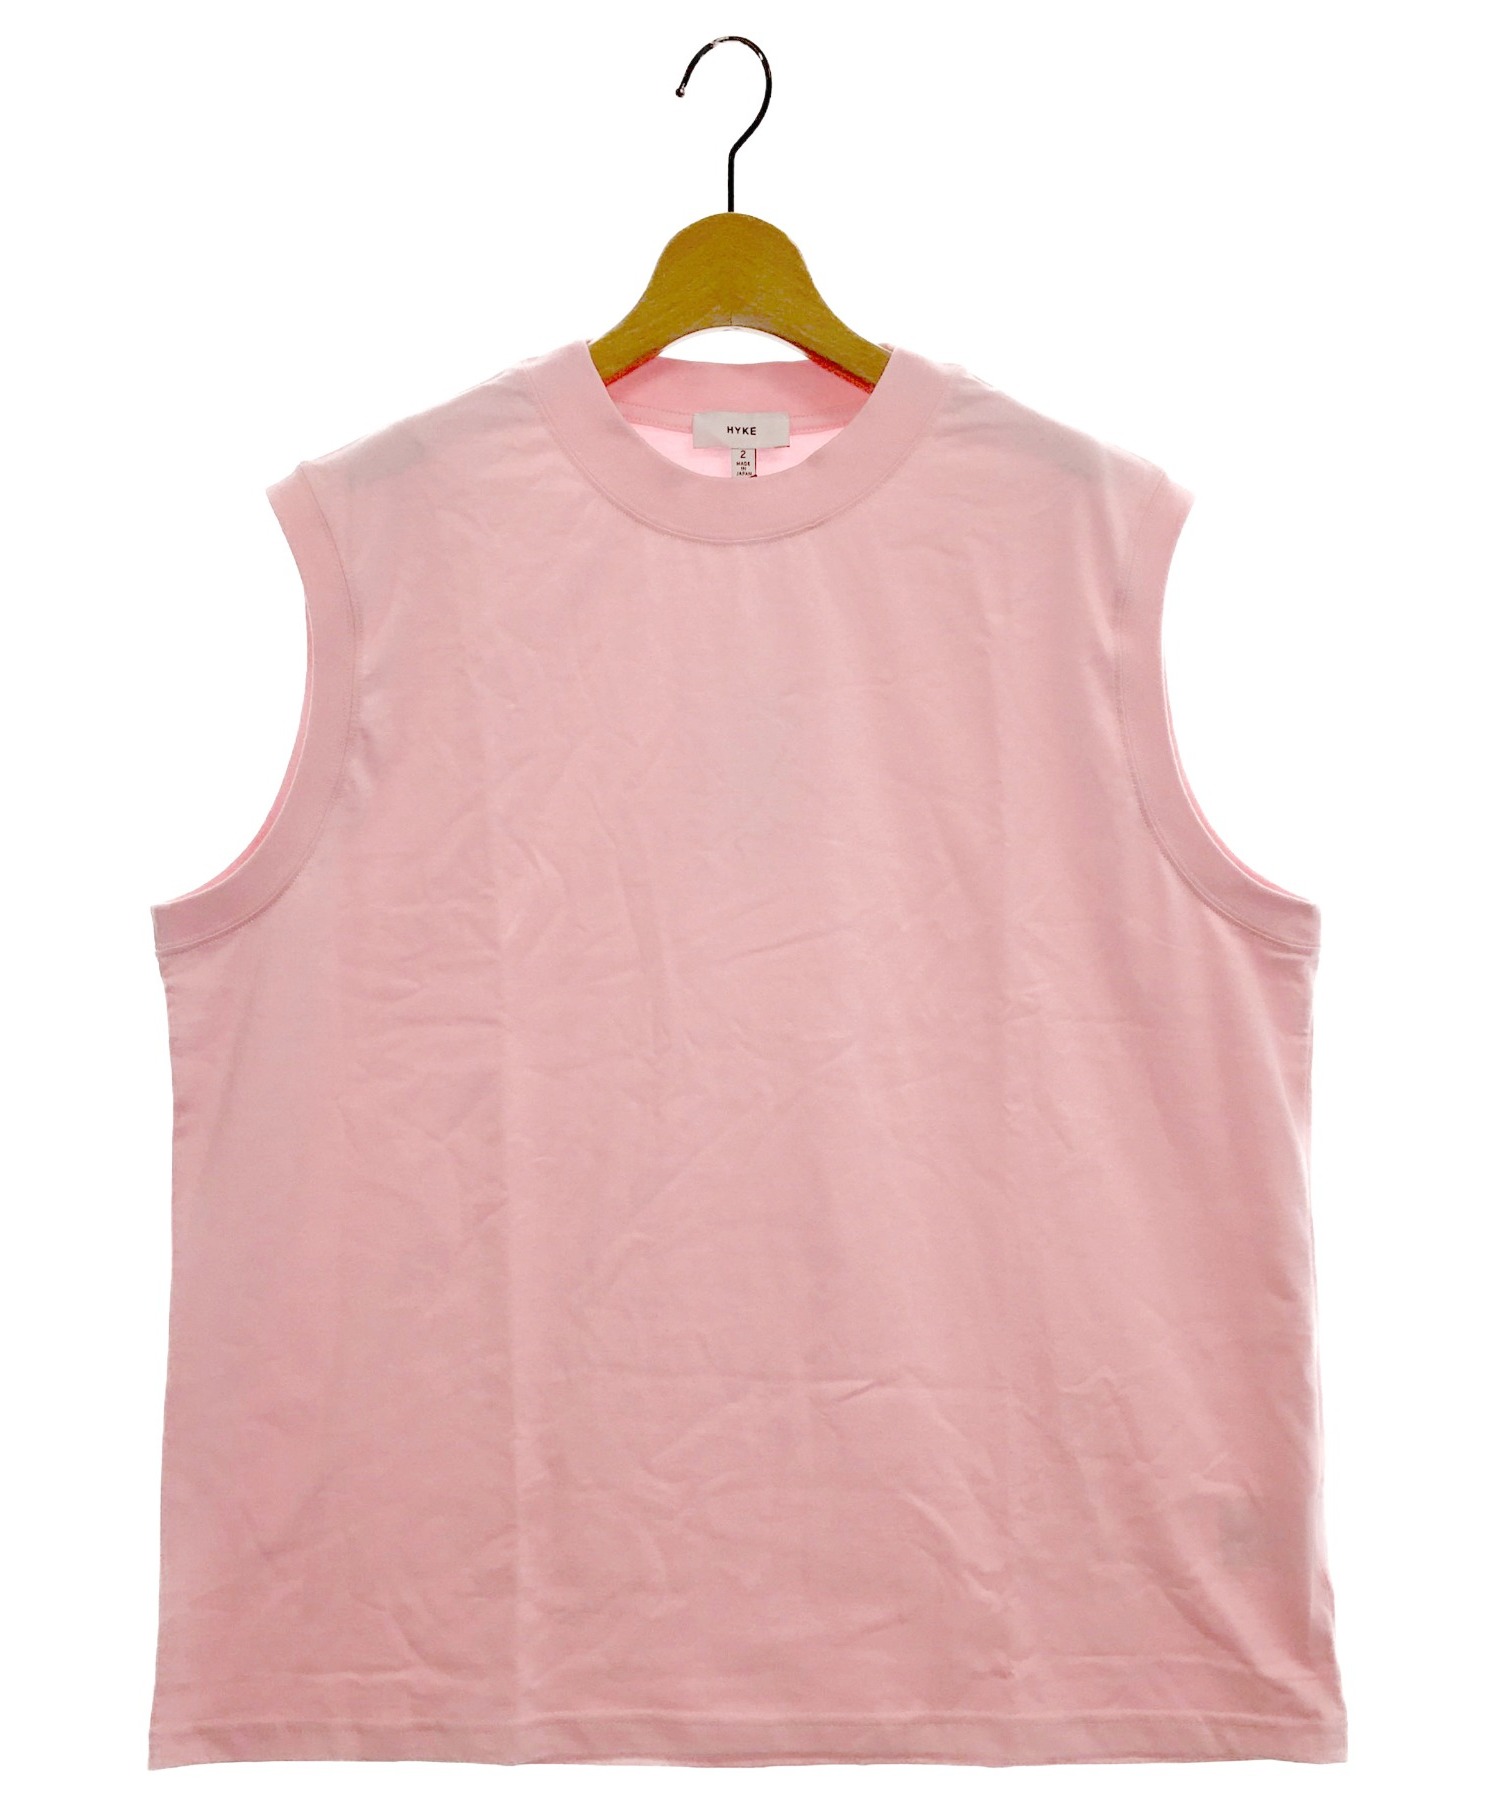 中古 古着通販 Hyke ハイク ビッグフィットスリーブレスtシャツ ピンク サイズ 2 ブランド 古着通販 トレファク公式 Trefac Fashion
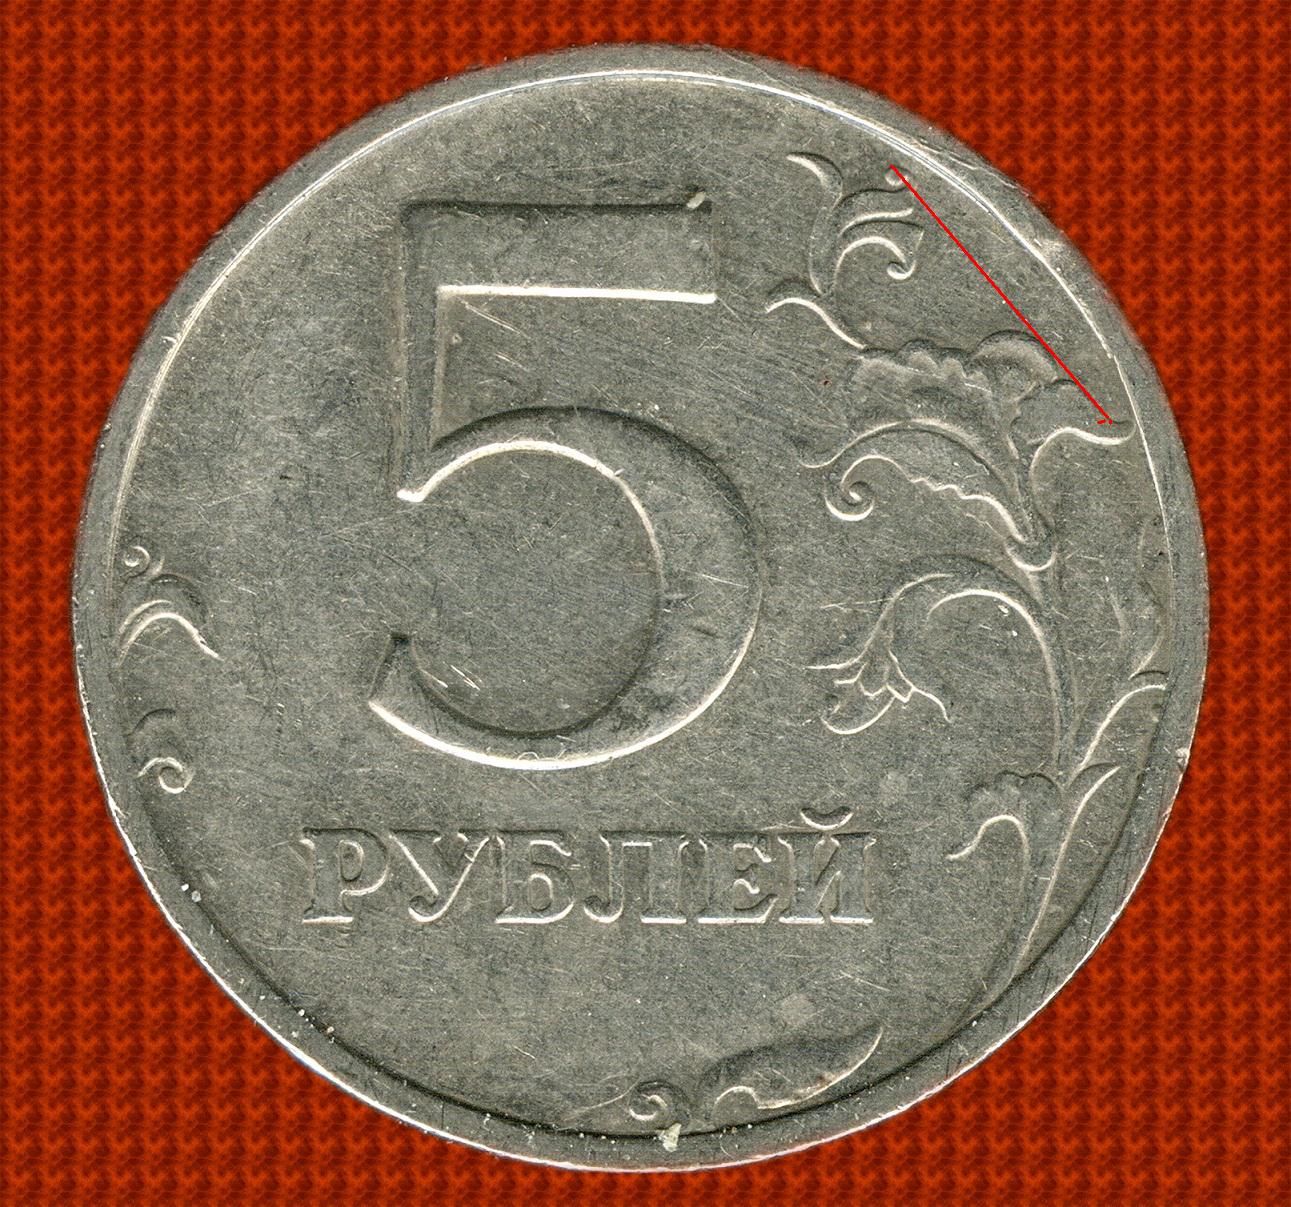 5 Рублей 1998 СПМД
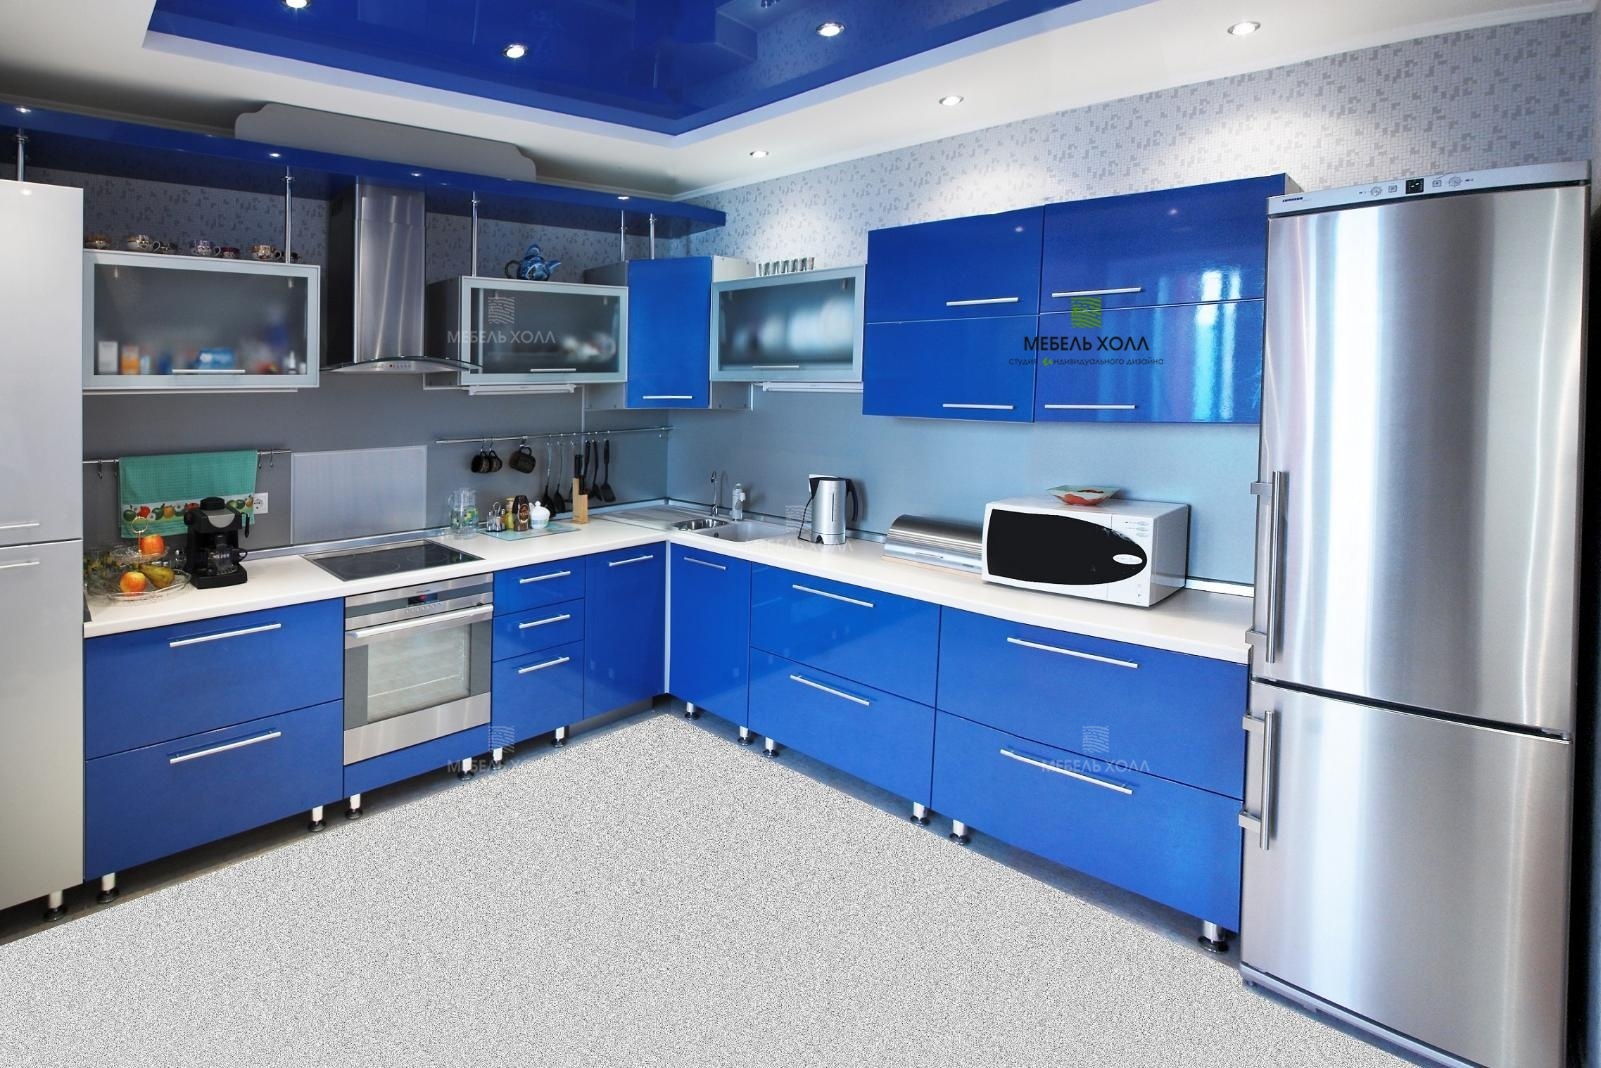 Современная кухня из глянцевого синего пластика, с навесными шкафчиками из стекла в алюминиевой раме
· · · · · · ·
Only the pictures are dropped when you print the material; everything else is copied exactly.

▶ **Solution below**:
 中古 古着通販 Hyke ハイク ビッグフィットスリーブレスtシャツ ピンク サイズ 2 ブランド 古着通販 トレファク公式 Trefac Fashion
 5 Рублей 1998 СПМД
 Современная кухня из глянцевого синего пластика, с навесными шкафчиками из стекла в алюминиевой раме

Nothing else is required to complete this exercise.